AVX-512 computations lead to CPU downclocking, which typically result in a lower performance (compared vs AVX2 version).
AVX-512 kernels need developer time and dedication, and kernels may be tricky to create and benchmark (perf, Intel VTune, uica.uops.info, etc.)
AVX-512 increases the compilation time. Also, Faiss may use Intel MKL library that is capable of using AVX-512 under the hood (if MKL decides to), and it common that GEMM operations take the most of the time.

As of today (Jan 2023):

AVX-512 downclocking seems to be fixed in new generations of Intel CPUs.
AMD Zen4 seems to provide support for AVX-512 instructions.
bfloat16 instructions come to AVX-512, which can be used for certain cases, such as Additive Quantizers. But it needs to be created and benchmarked first.

So, it is possible that Faiss will add some AVX-512 kernels in the future.

Faiss may use Intel MKL library, which allows to enable/disable certain instruction sets via the following. Maybe, it will be beneficial for your CPU to disable AVX-512 for MKL.

The hardware: CPU

(todo: add)

The hardware: GPU

(todo: add)

Speed vs accuracy: pick the index family

(todo: add)

Speed vs accuracy: approximate versions of algorithms

(todo: add about top-k heap)

Vector codecs

(todo: add)

Advanced: C++ templates

Faiss is implemented in C++ and it heavily utilizes template dispatching for various cases. For example, this is the function (faiss/utils/distances_simd.cpp) that computes inner products between a single d-dimenionsal vector x and ny d-dimensional vectors y. As one may see, there are specialized cases for the dimensionalities of 1, 2, 4, 8 and 12, which reference to custom kernels, otherwise the implementation relies on a general-purposes code and a compiler.
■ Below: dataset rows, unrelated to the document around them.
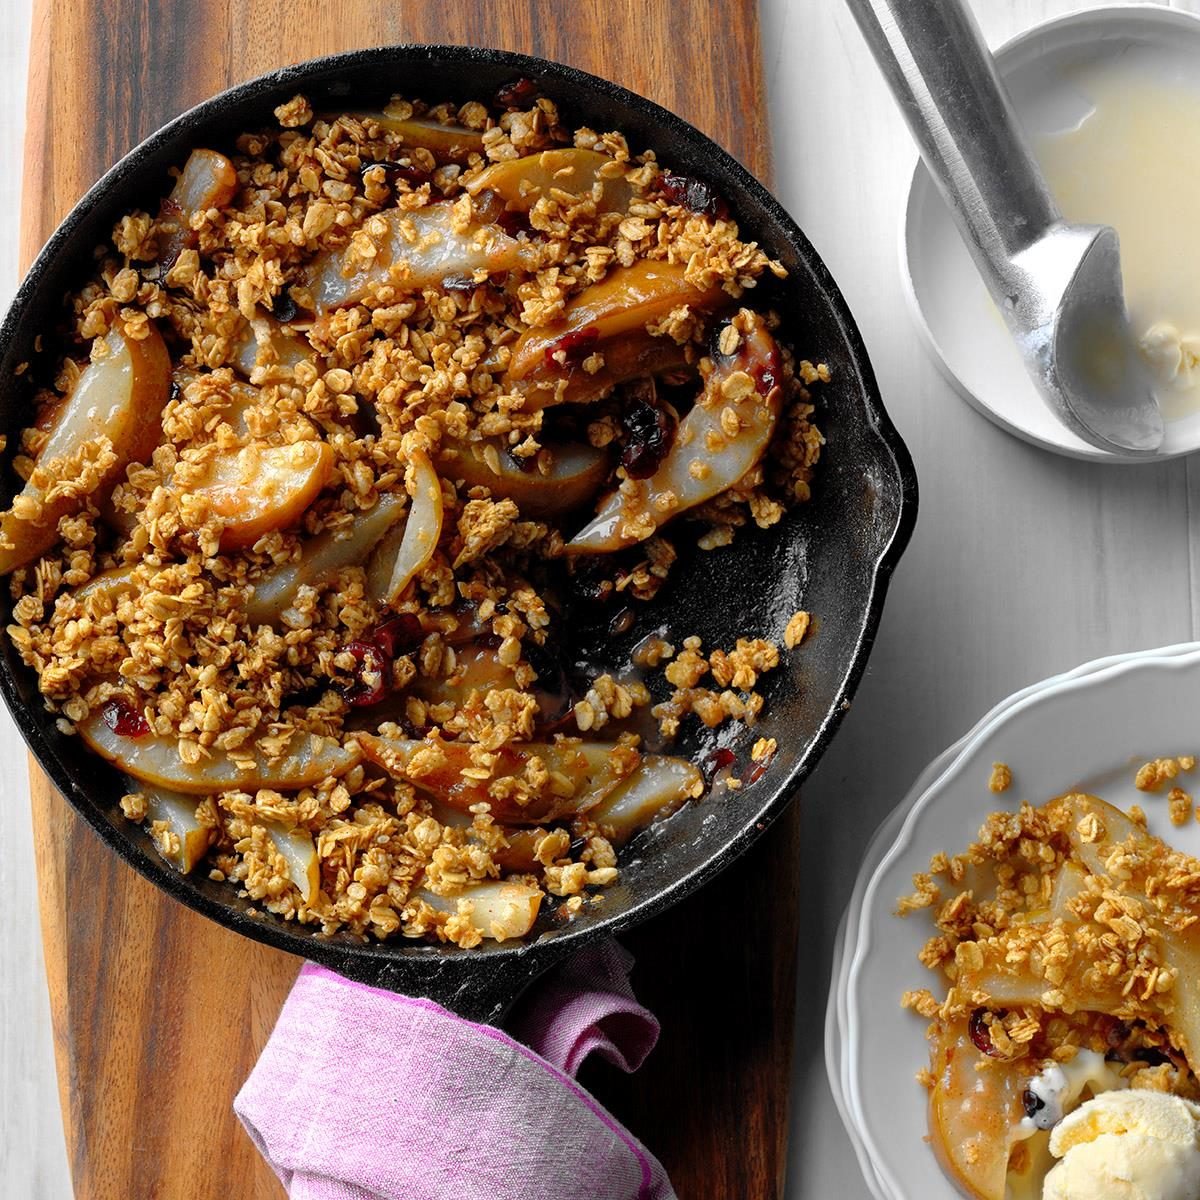 Grilled Cranberry Pear Crumble Recipe: How to Make It
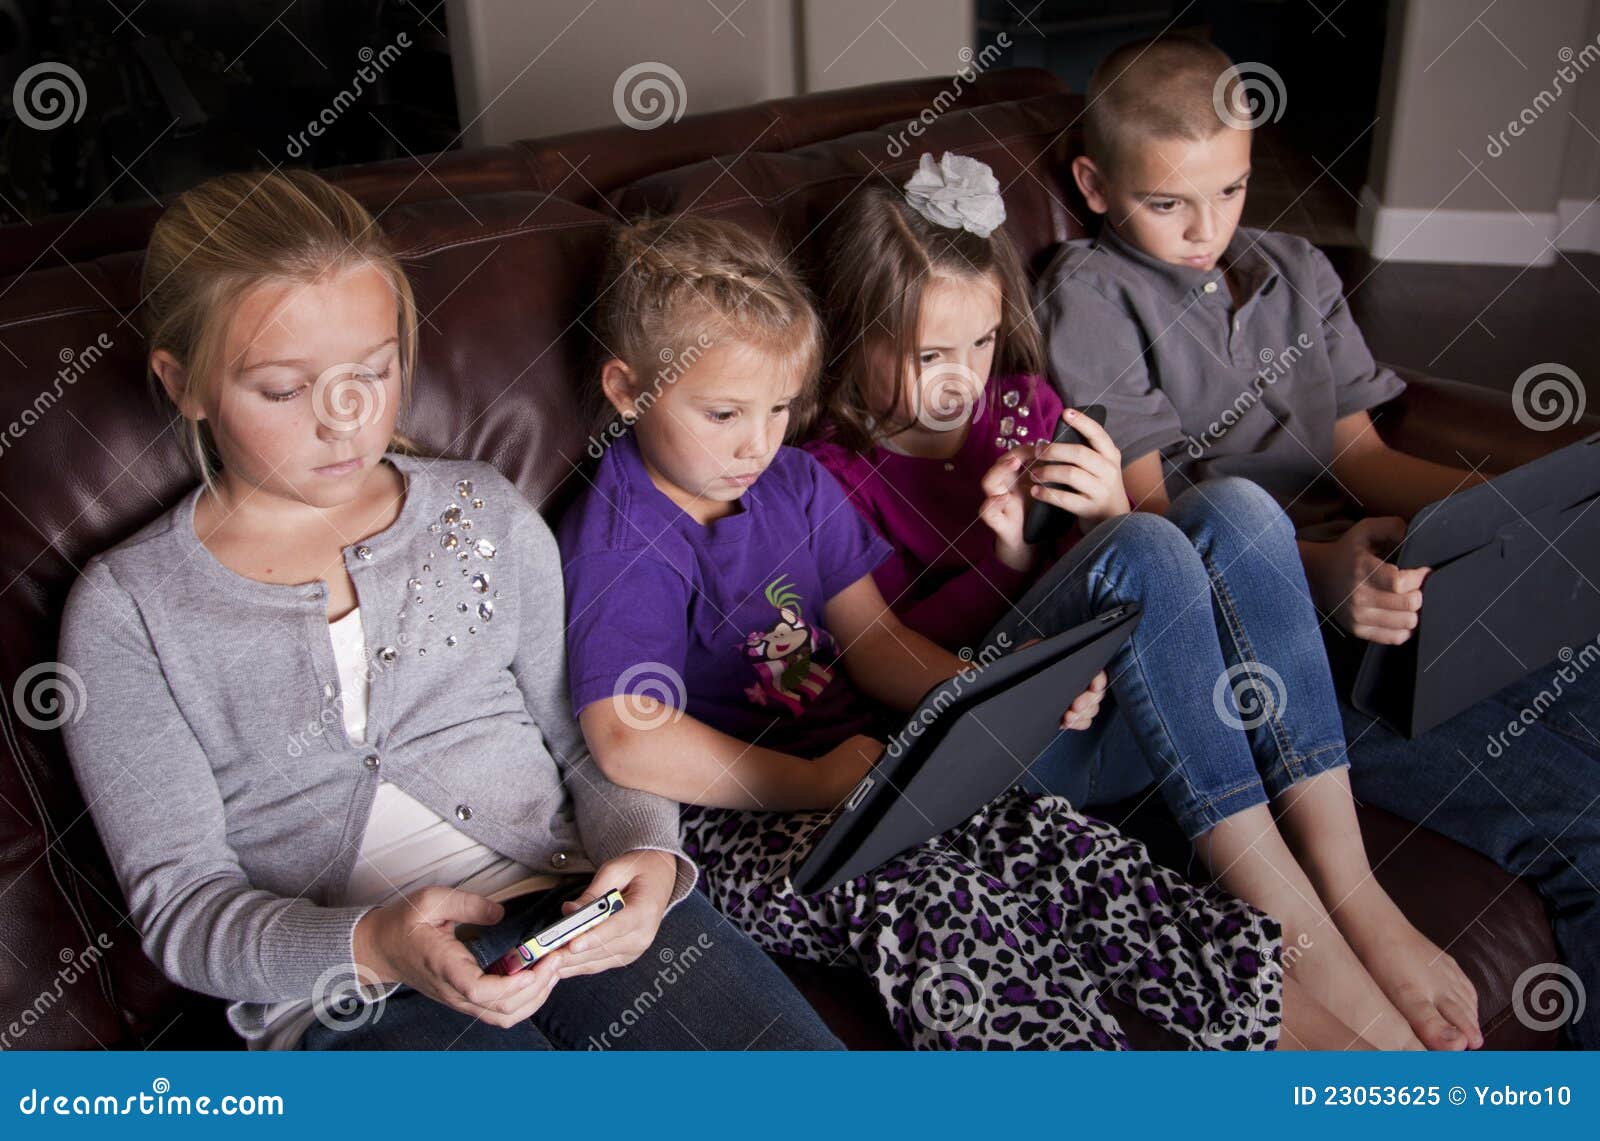 kids using mobile devices
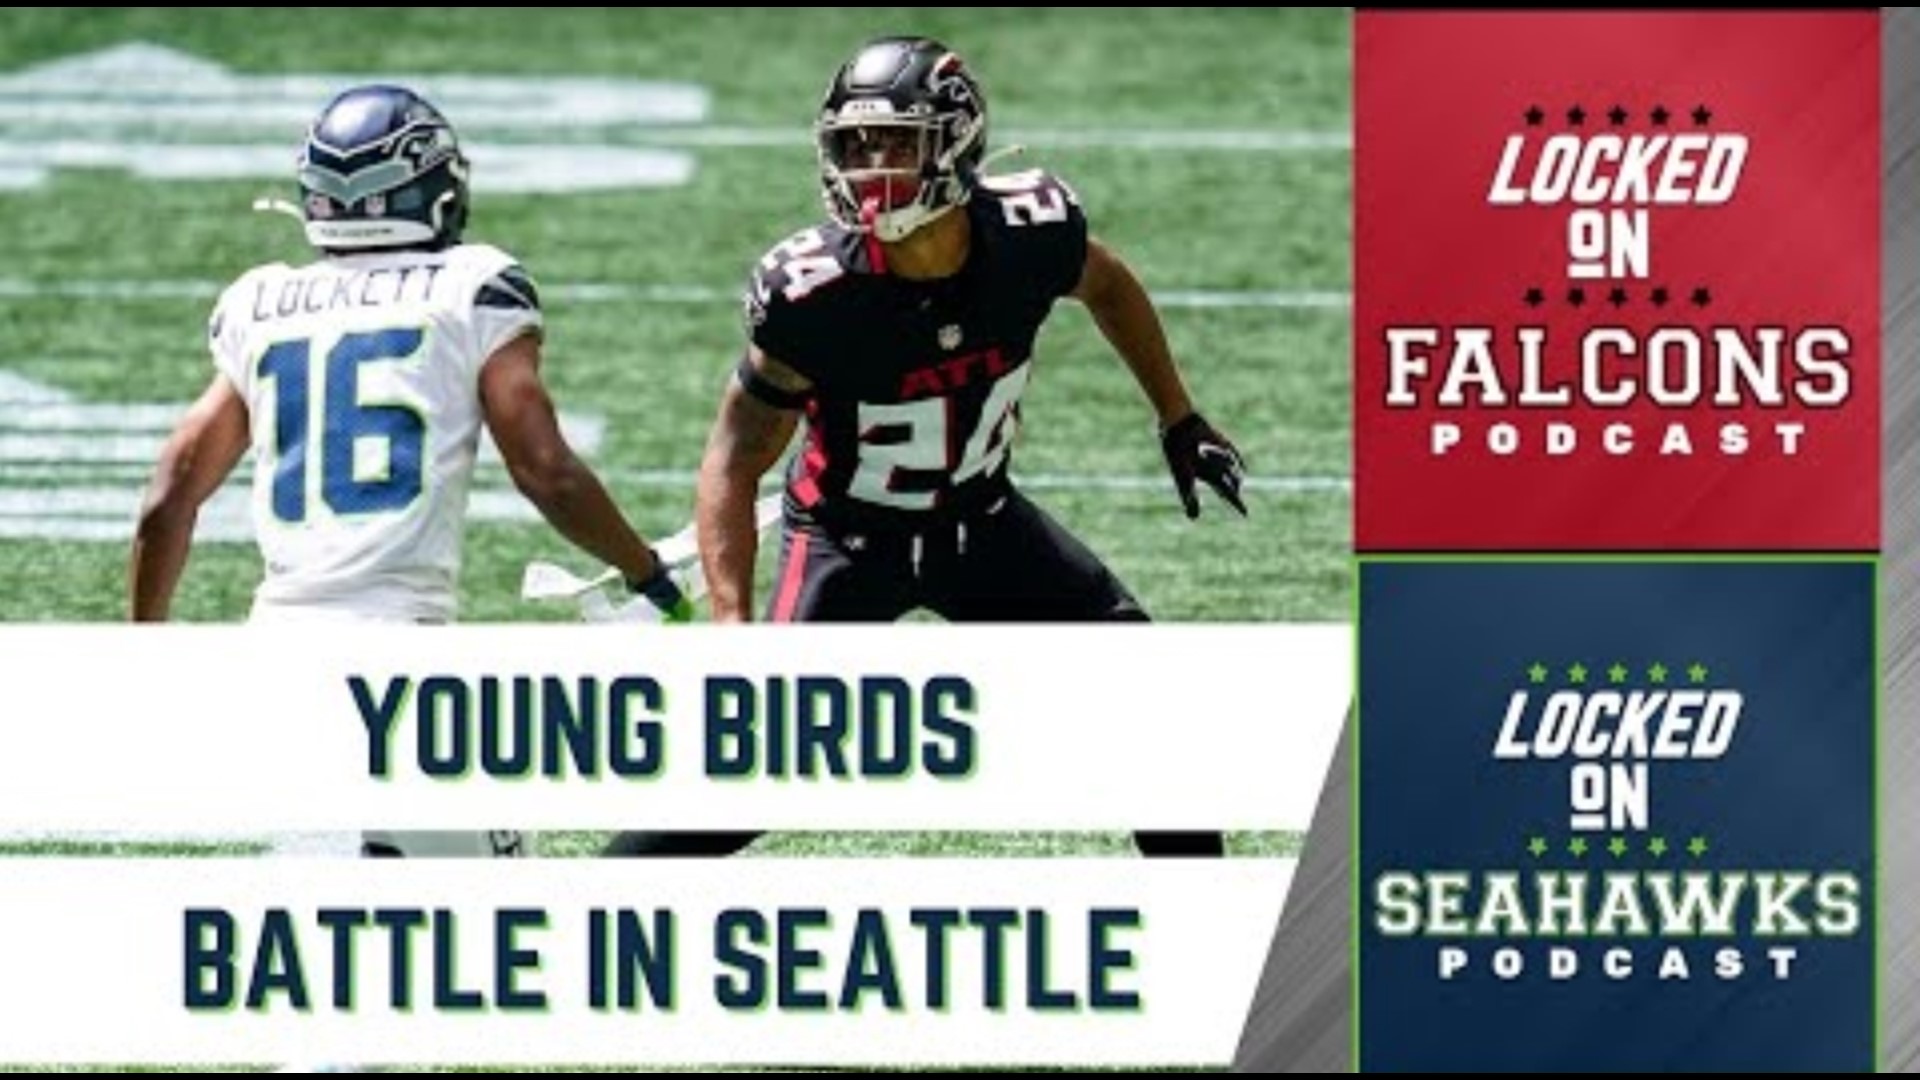 Locked On Seahawks host Corbin Smith and Locked On Falcons host Aaron Freeman take a close look at several rookies for Seattle and Atlanta.
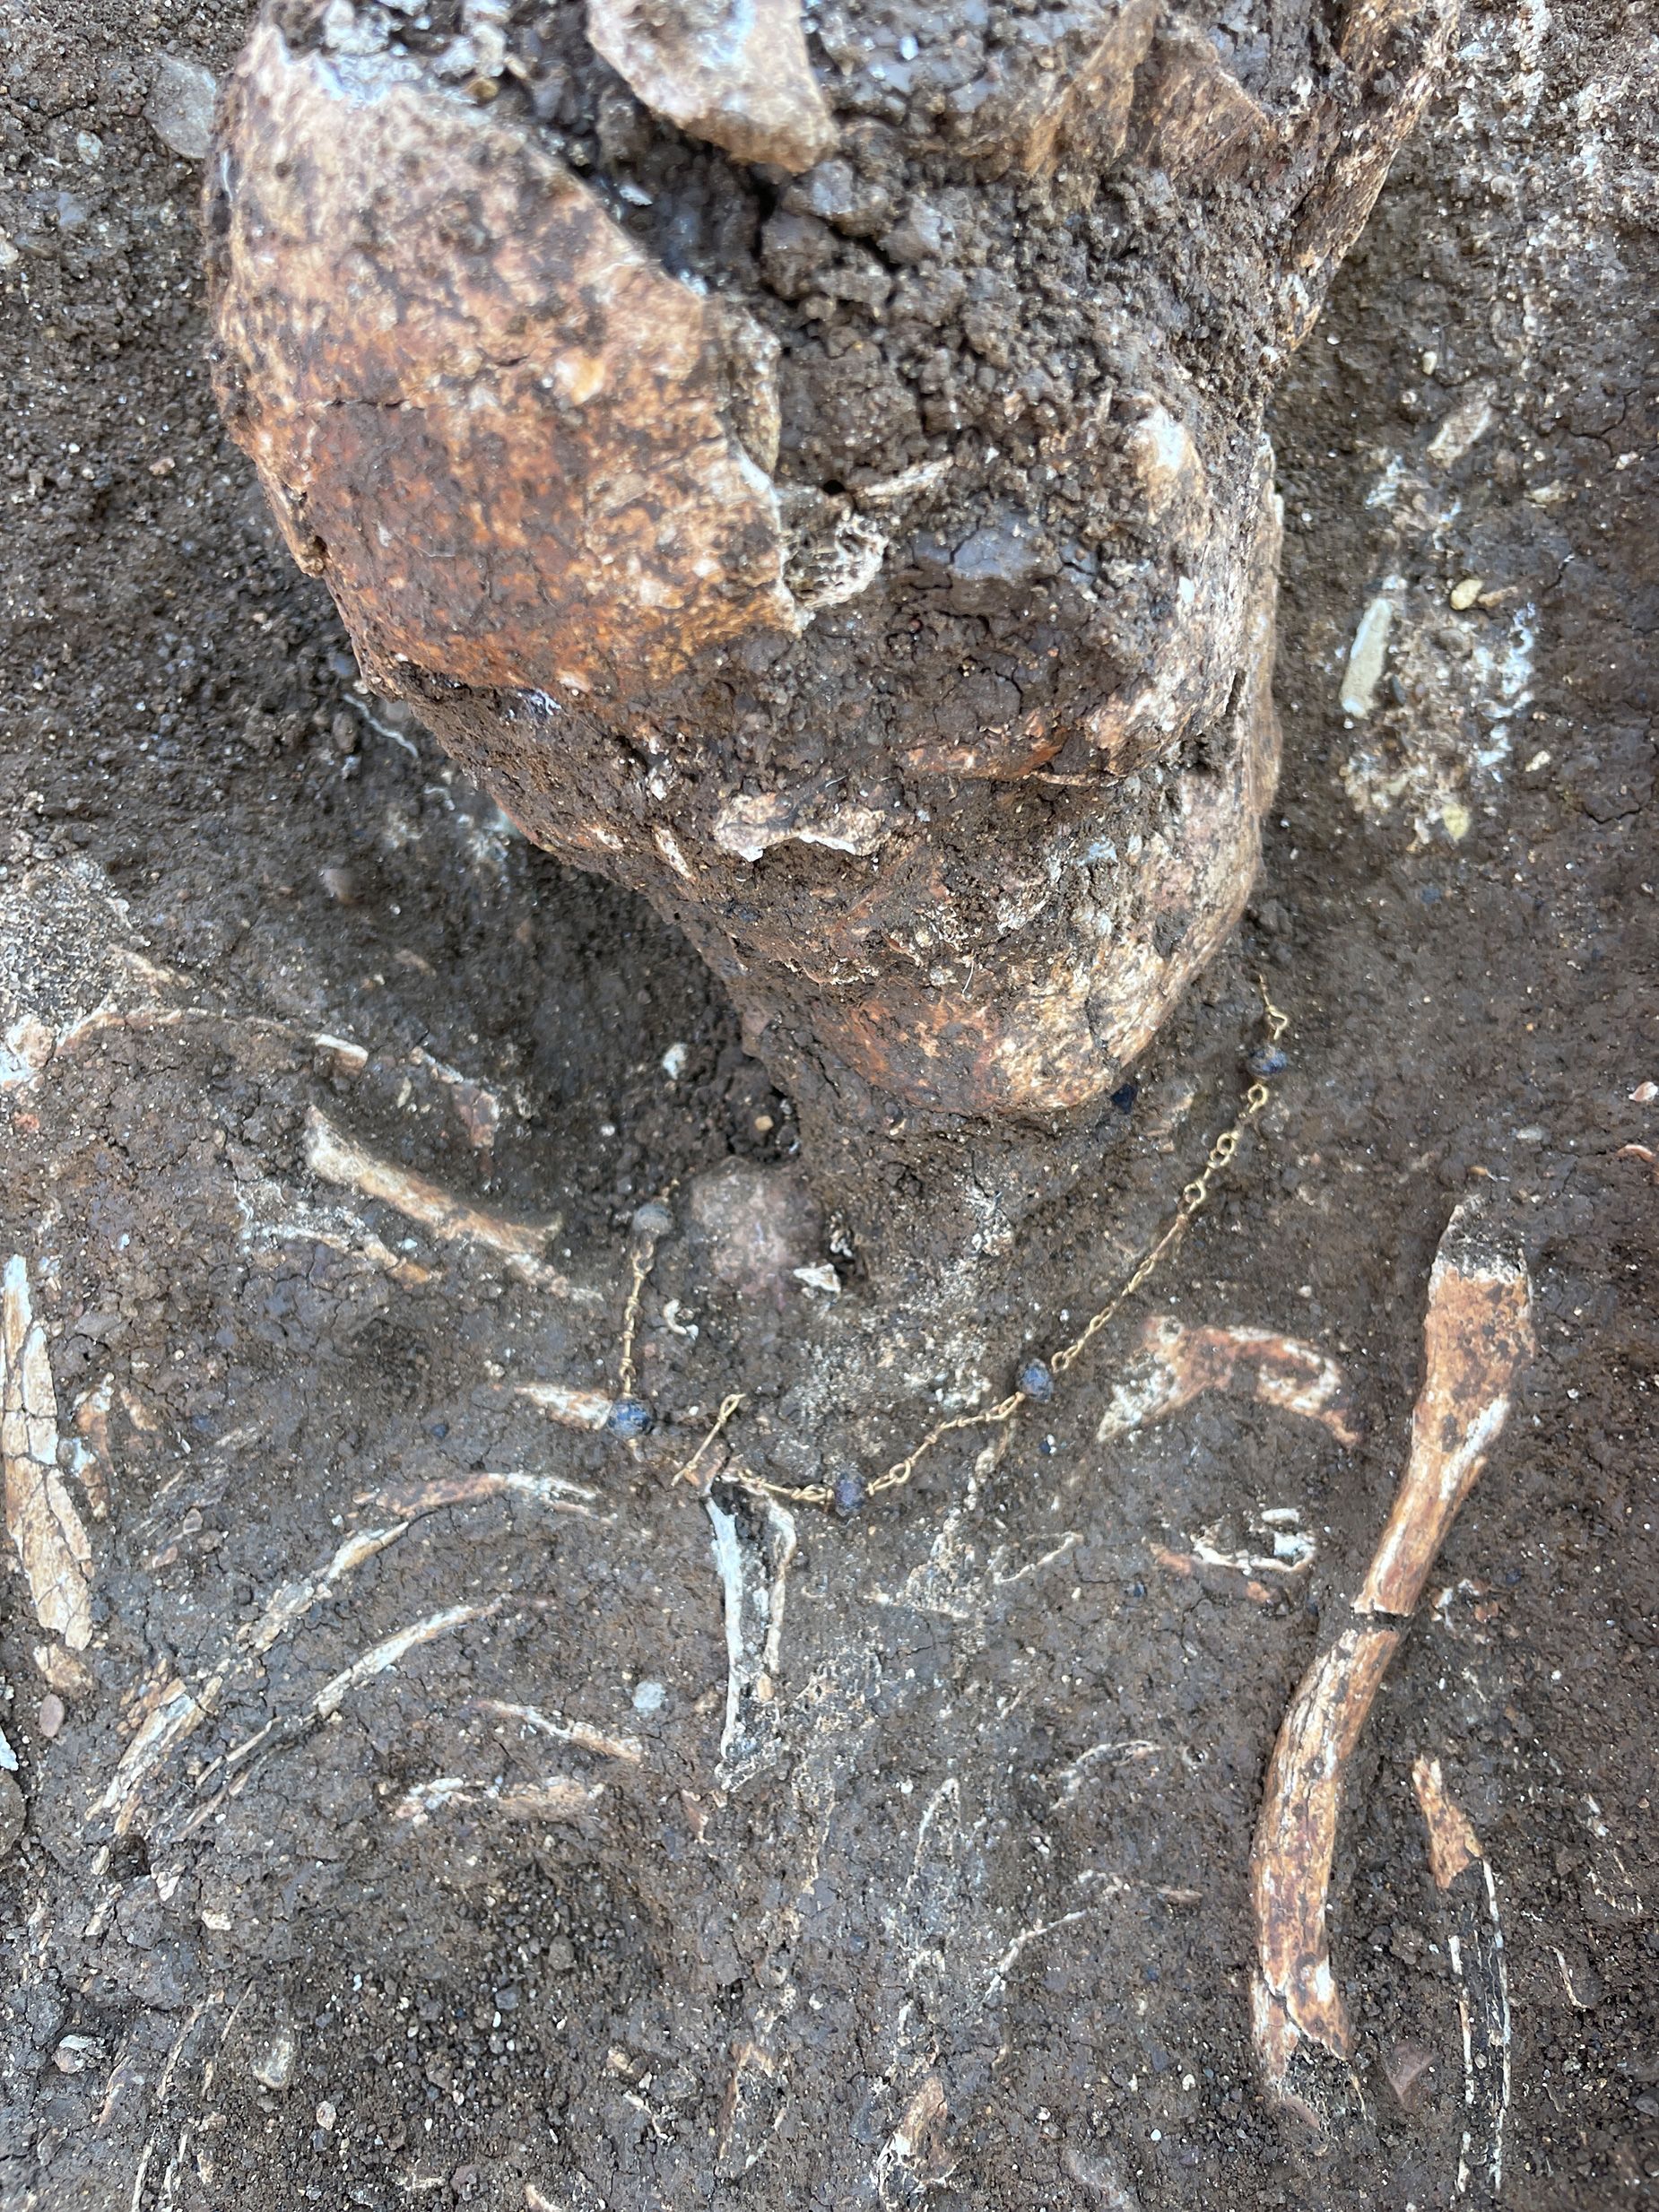 Archaeologists say the discovery of 67 skeletons dressed in their finery across in 57 tombs is

void fvec_inner_products_ny(
        float* dis,
        const float* x,
        const float* y,
        size_t d,
        size_t ny) {
#define DISPATCH(dval)                                  \
    case dval:                                          \
        fvec_op_ny_D##dval<ElementOpIP>(dis, x, y, ny); \
        return;

    switch (d) {
        DISPATCH(1)
        DISPATCH(2)
        DISPATCH(4)
        DISPATCH(8)
        DISPATCH(12)
        default:
            fvec_inner_products_ny_ref(dis, x, y, d, ny);
            return;
    }
#undef DISPATCH
}

Custom specialized kernels tend to show better performance than a general-purpose code, but at the cost of the binary size.

Please feel free to add some custom kernels that fit your case, if appropriate, and send us a pull request with your change! :)

Advanced: fused kernels

faiss/utils/distances_fused/distances_fused.h contains a fused kernel that combines the L2 distance computation and the closest nearest search neighbor search.

Feedback

All the feedback regarding the Faiss execution speed is highly appreciated! The most valuable feedback would be a reproducible standalone python script or a C++ small program that allows to detect hot-spots inside Faiss.